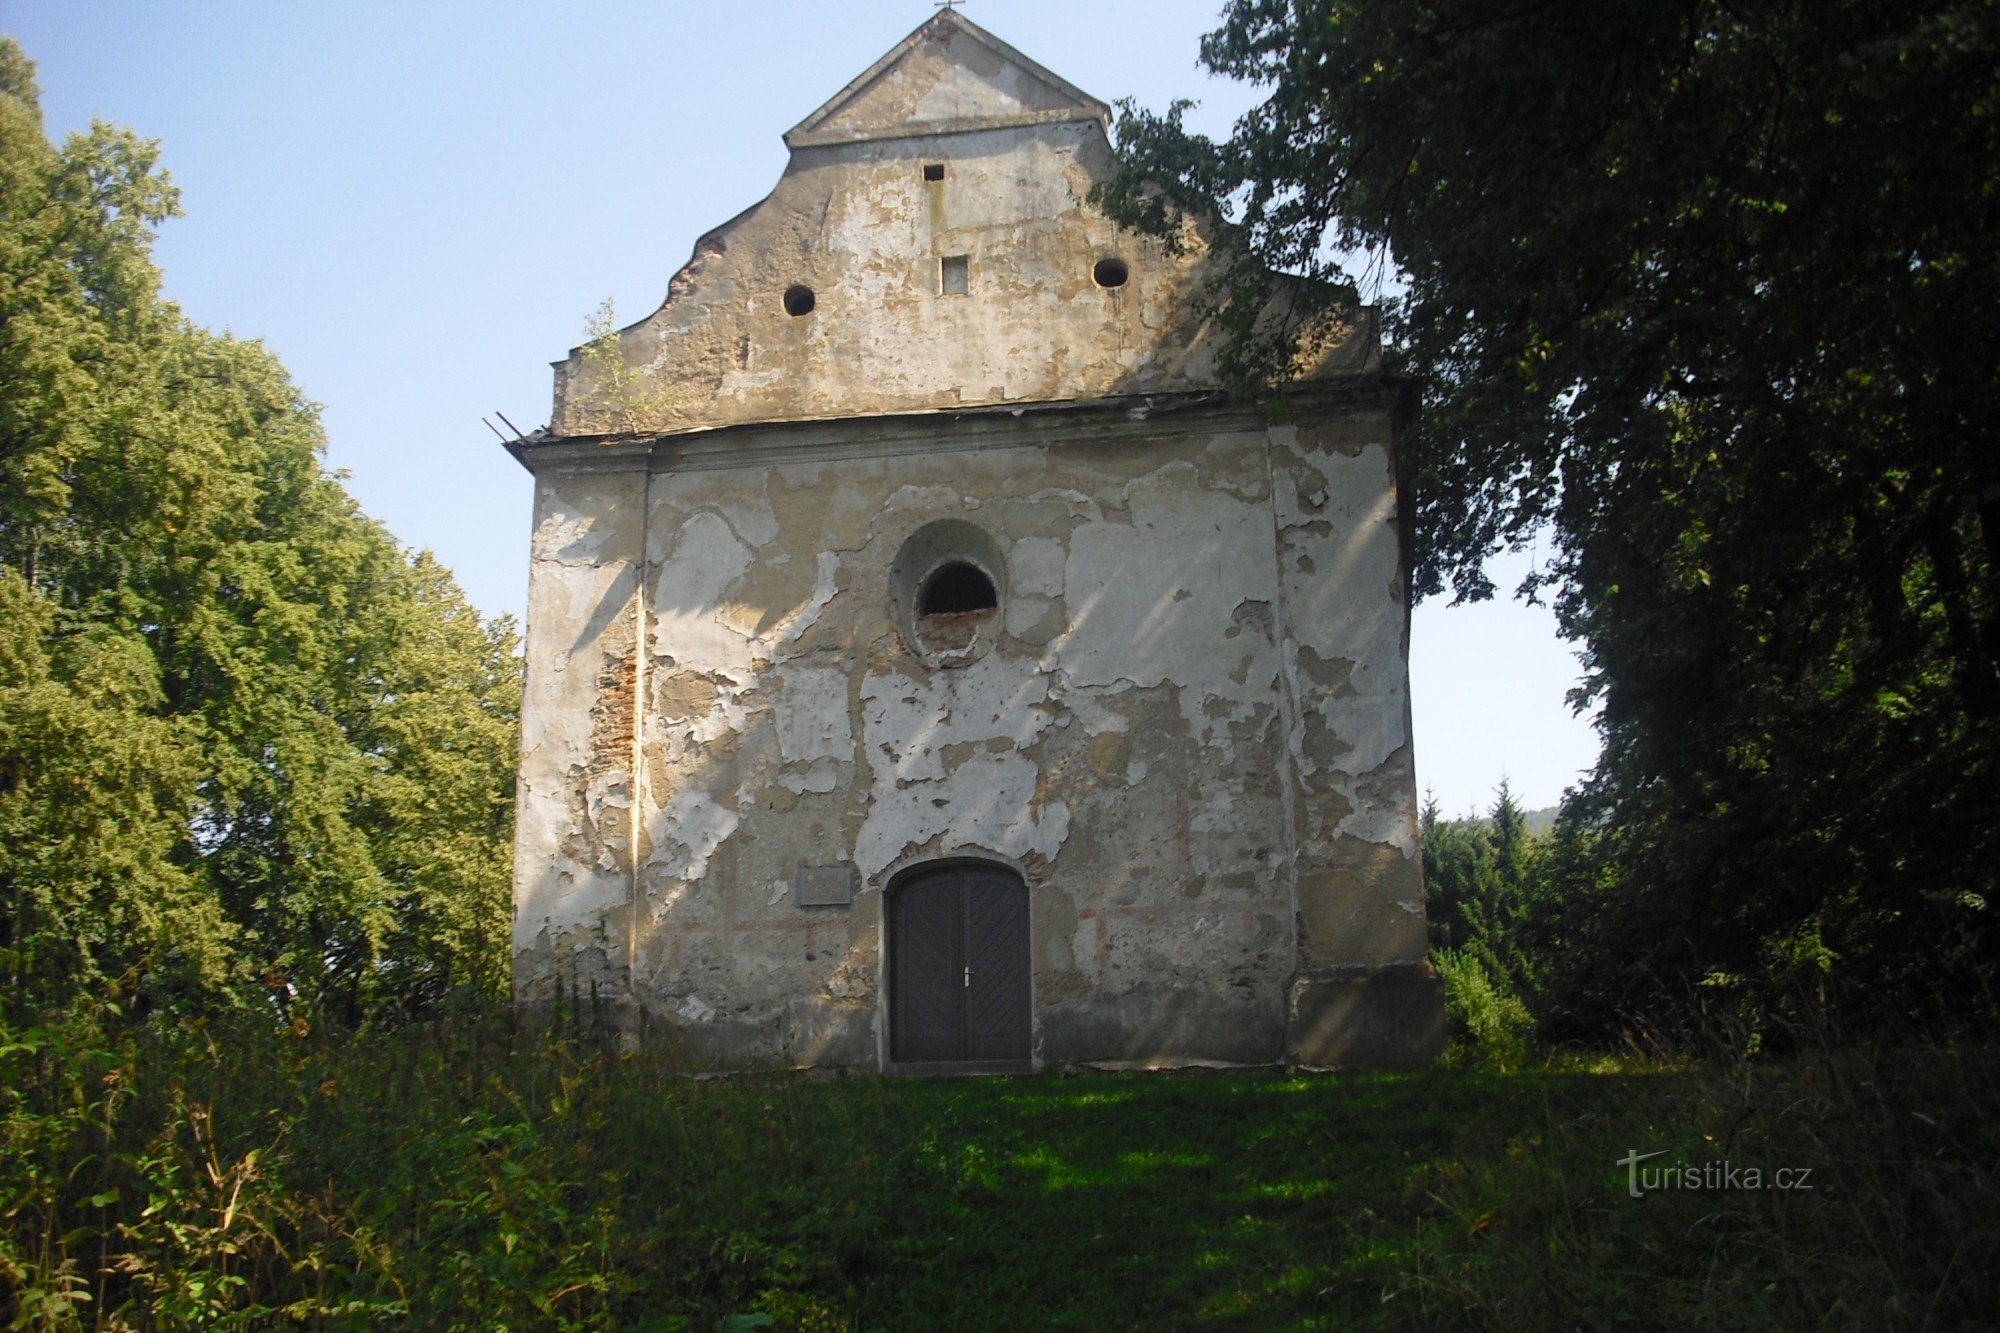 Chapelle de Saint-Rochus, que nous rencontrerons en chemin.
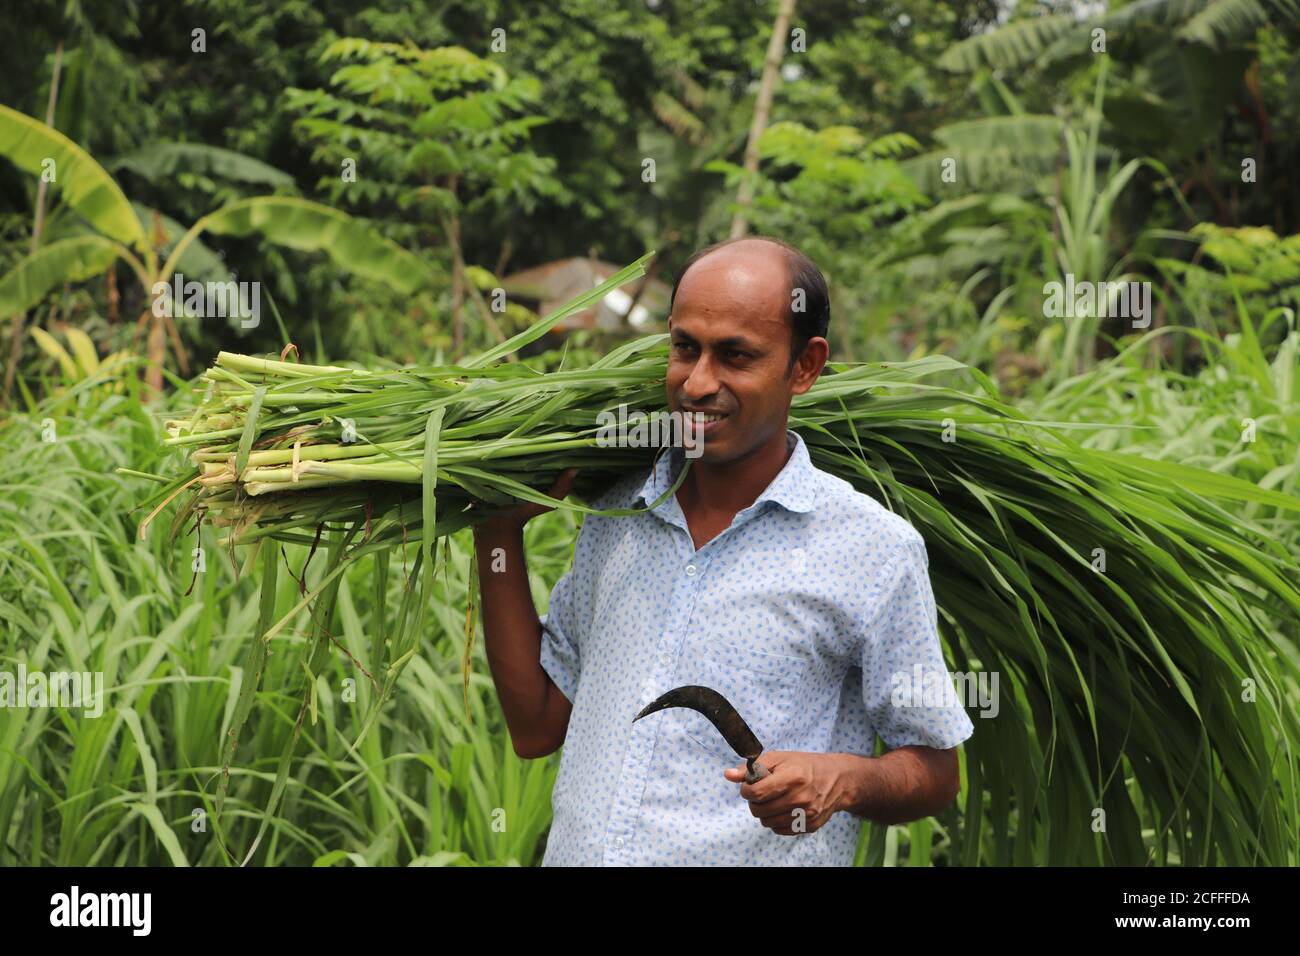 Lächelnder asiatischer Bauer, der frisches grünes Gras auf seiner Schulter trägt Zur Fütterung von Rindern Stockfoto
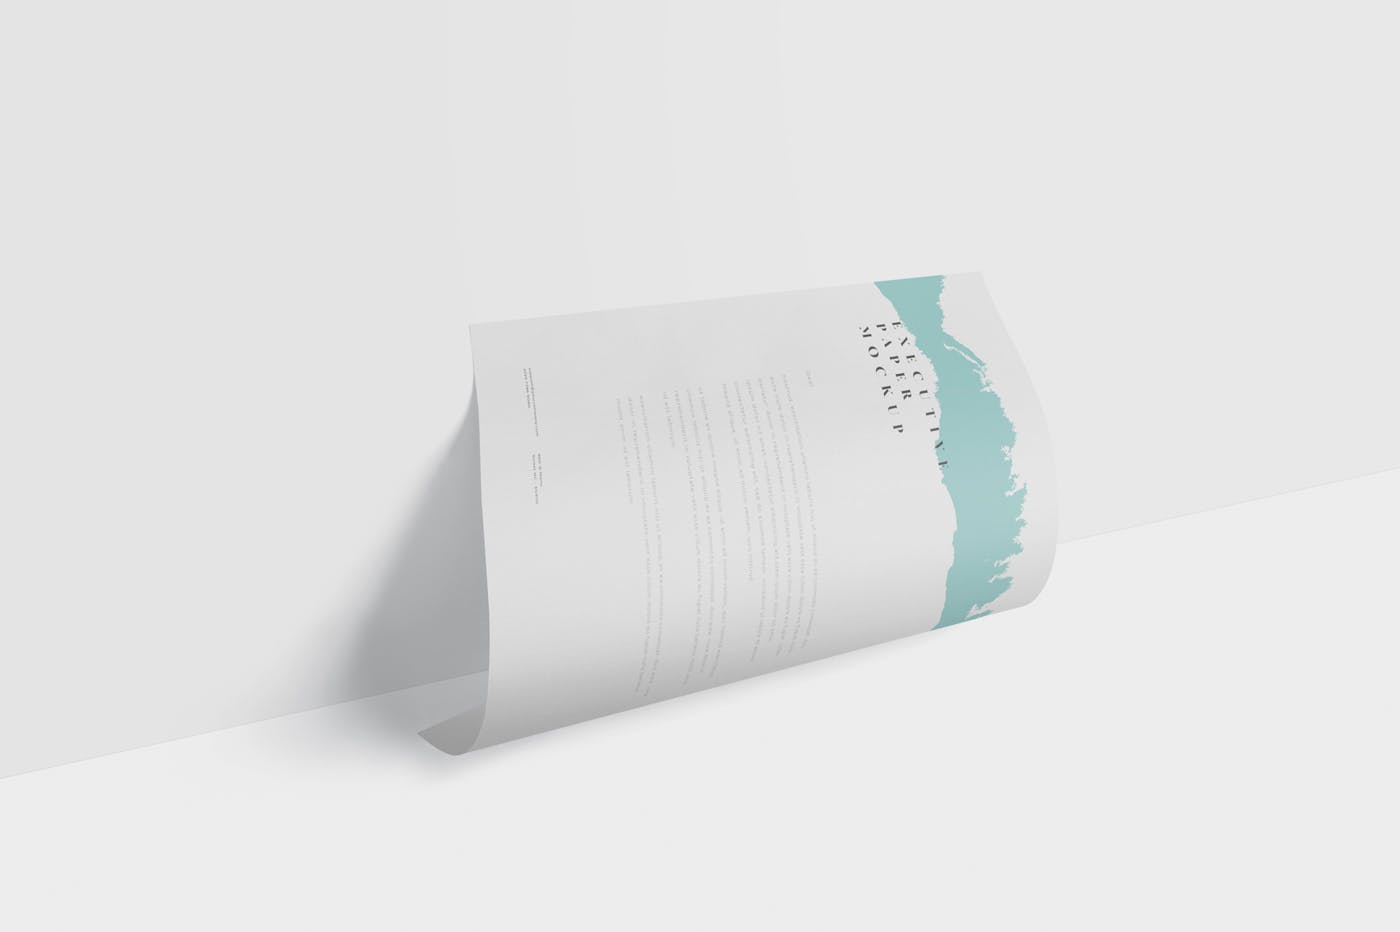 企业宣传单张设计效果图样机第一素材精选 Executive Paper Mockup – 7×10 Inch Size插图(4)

* **Exercise brief**: Drop every image, please, and write out the data above exactly as shown.

* **Problem solution**:
 Chapelle de Saint-Rochus, que nous rencontrerons en chemin.
 Lächelnder asiatischer Bauer, der frisches grünes Gras auf seiner Schulter trägt Zur Fütterung von Rindern Stockfoto
 企业宣传单张设计效果图样机第一素材精选 Executive Paper Mockup – 7×10 Inch Size插图(4)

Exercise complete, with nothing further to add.